Whatever the cause, stocks have pared their gains this morning. Asia closed higher but European indexes are now down a bit. Here in the U.S. indexes are due to open a little lower, judging by futures.

Commodities are rallying again, with WTI crude up 5% to trade near $100/barrel. Industrial commodities are up again, with palladium and aluminium up 4% and 6%, respectively. Precious metals are gaining as well, with gold, silver, and platinum up 2% to 4%. But nickel, which has resumed trading, promptly fell 8% to hit a new trading limit. Nickel prices more than doubled on March 8, causing the London Metal Exchange to suspend trading.

Bonds are continuing to sell off, with the 2-year yield now up 5 basis points to 1.92% and the 10-year up 7bps to 2.16%. Cryptos are flat with bitcoin stuck on $40,600.

The Fed

The FOMC did what was expected, which is announce an increase of 0.25% to its key rate. The Fed also penciled in rate hikes at each of its future meetings this year (so six in all) and said it would start the balance sheet run-off at “a coming meeting.” Powell in his remarks hinted this could be May. The Fed also pared its outlook for growth.

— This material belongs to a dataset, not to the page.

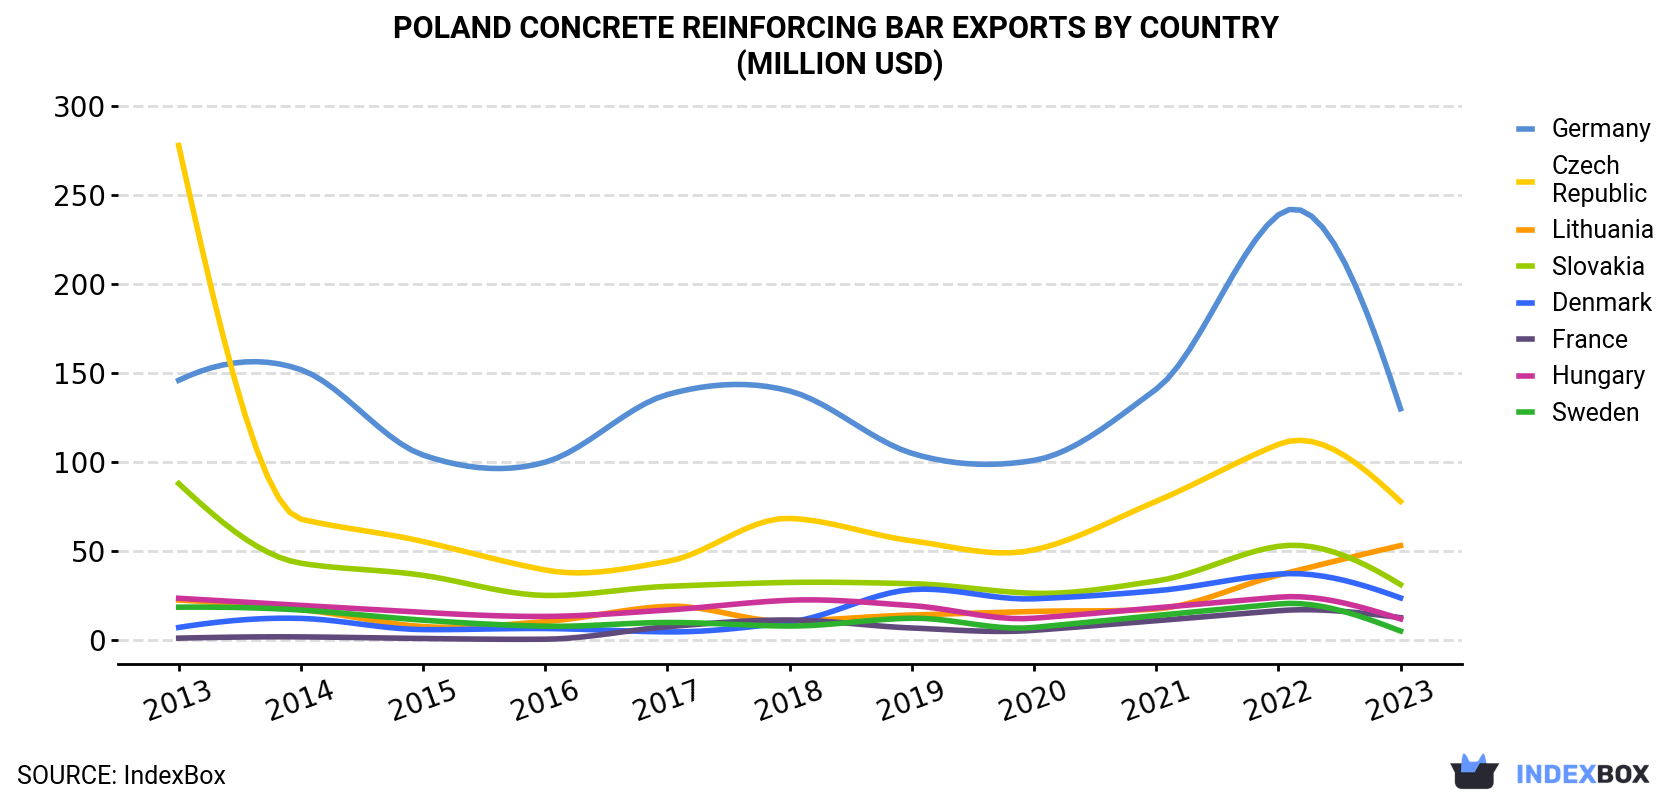 Poland Concrete Reinforcing Bar Exports By Country (Million USD)

None of this sounds particularly dovish, so the rally is a bit mystifying. Perhaps it was Powell’s comments that the Fed would be “nimble” if the data changed or his assessment of “not particularly elevated” chances of a recession in the U.S. in the coming 12 months.

Economic Data

We just had Eurozone CPI come in a smidge higher than anticipated, printing at 5.9% year-over-year versus expectations of 5.8%. The core figure was exactly in line with estimates, 2.7% YoY.

The Bank of England decides on interest rates at 0800. The consensus expectation is for the BoE to raise its benchmark rate to 0.75% from 0.5%, so the same quarter-rate increase as the Fed announced yesterday. The BoE is ahead of the Fed though because the BoE started its interest-rate hiking at its last meeting a month ago with an initial 25 basis point increase.

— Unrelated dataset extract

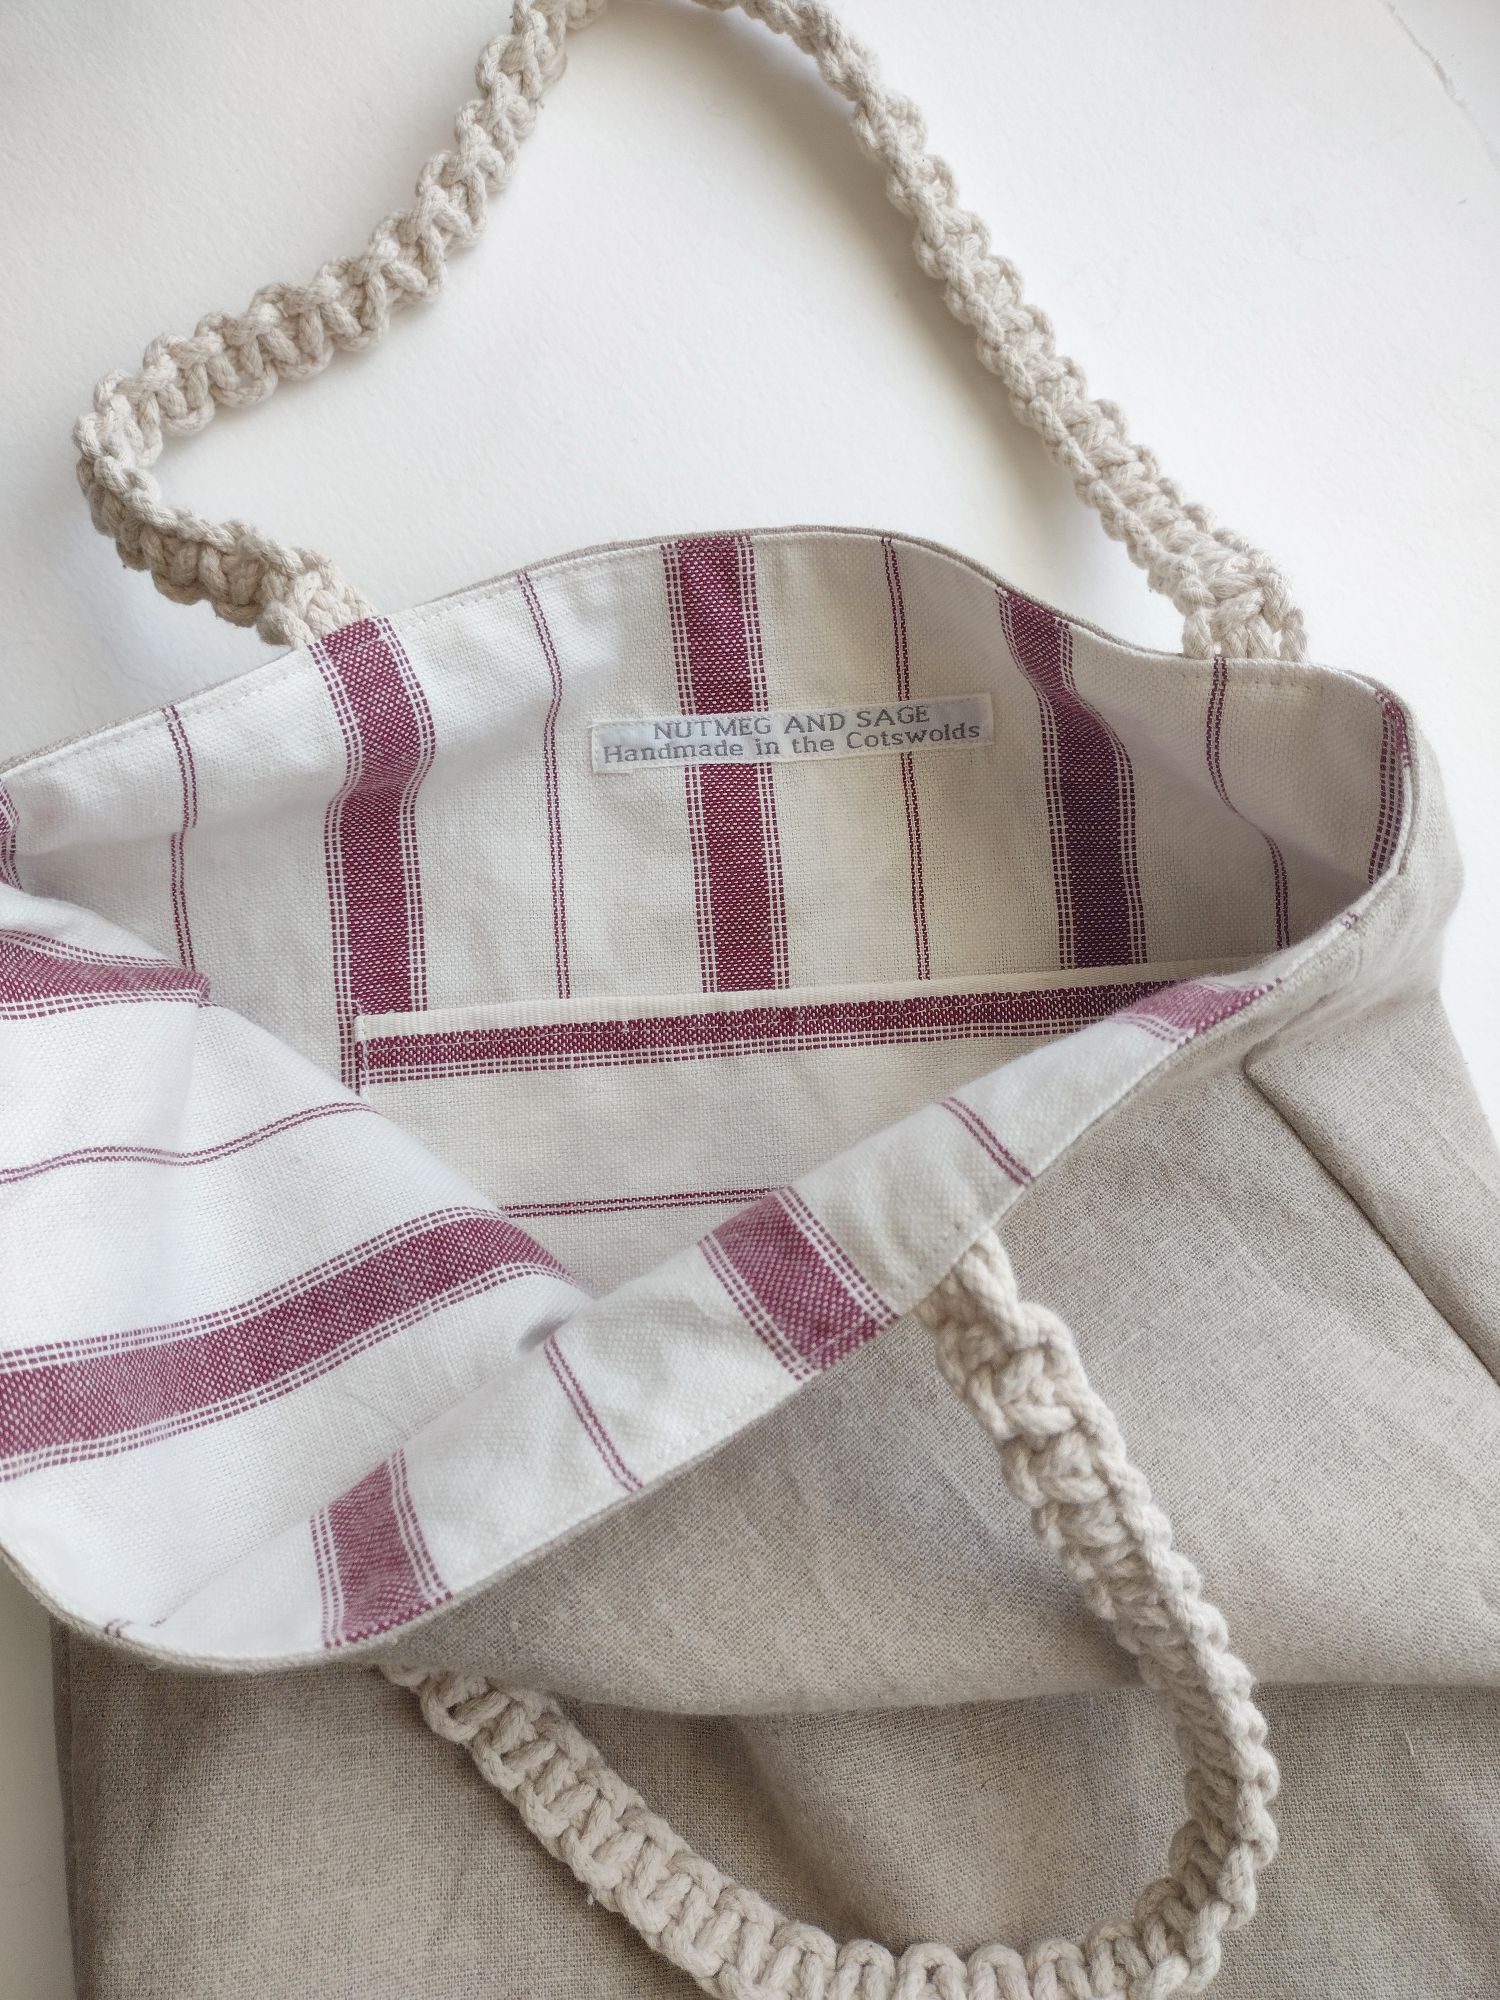 Linen tote with macrame handles

Then we have the U.S. census bureau release its new residential construction data for January, at 0830. This consists of a couple of metrics, the most important of which are building permits and housing starts. These are the leading indicators for the U.S. real estate market, which is very much the leading engine of global economic growth. If Americans are buying homes, it means they have cash and risk appetite, which means they will be buying other things besides homes (in addition to stuff to furnish these homes). This means factories in China and elsewhere can produce more stuff, which means they have to import more raw materials from commodities exporters. Seen this way, building permits and housing starts are one of the leading indicators for the global economy.

Economists expect 1.85 million new permits for February, down a bit from the 1.9 million seen in January. Housing starts for the month are expected to have increased a bit, to 1.69 million from 1.64 million. Last month saw both metrics come in at pretty low levels. There may have been a seasonal element for this, but it’s worth watching to see how it prints.

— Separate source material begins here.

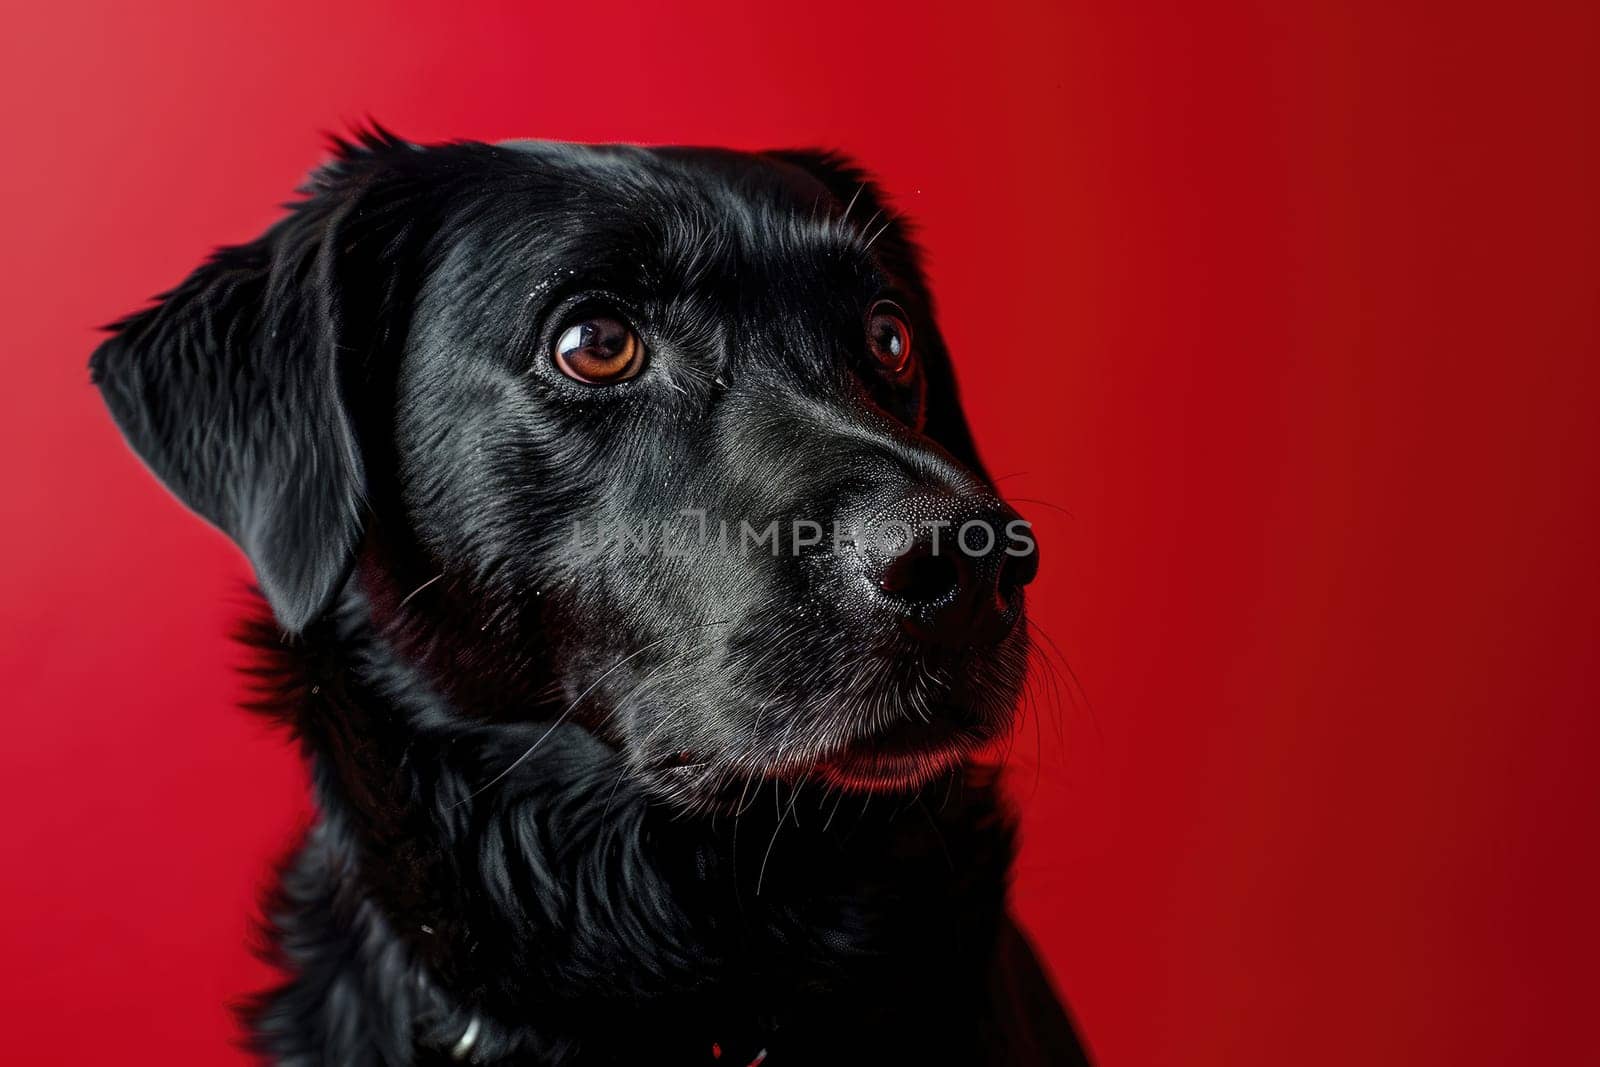 a black dog on a red background, Black and red.

Seeing how it’s Thursday we will also have initial jobless claims out at the same time. Economists expect 220,000 new claims, down a bit from the 227,000 seen last week.

U.S. industrial and manufacturing production is out at 0915. The forecast here is for month-over-month increases of 0.5% and 0.6%, respectively. The year-over-year figure is probably more telling, but there is no survey for that one.

Earnings

Warby Parker (WRBY) and Dollar General (DG) report before the open at 0930. After the close at 1600 we’ll hear from FedEx (FDX) and GameStop (GME).

The Bottom Line

There’s a lot going on, but any uncertainty of Fed policy should be removed by now — until market forces lead Powell & Co. to change their hand again. The rally we’ve seen in stocks this week is a mystery to many. Maybe it is just short-covering, as our guest last week surmised.

One would think investors may be shrugging off Russia-Ukraine too quickly, only because these peace negotiations take time and involve many steps back as well as forward. Reports of progress are great, but the devil is in the details and the situation on the ground remains perilous.

One thing that’s certain is these events have forced humility on market prognosticators. A reminder of how important it is to keep the contrarian view in mind, even if one doesn’t always act on it.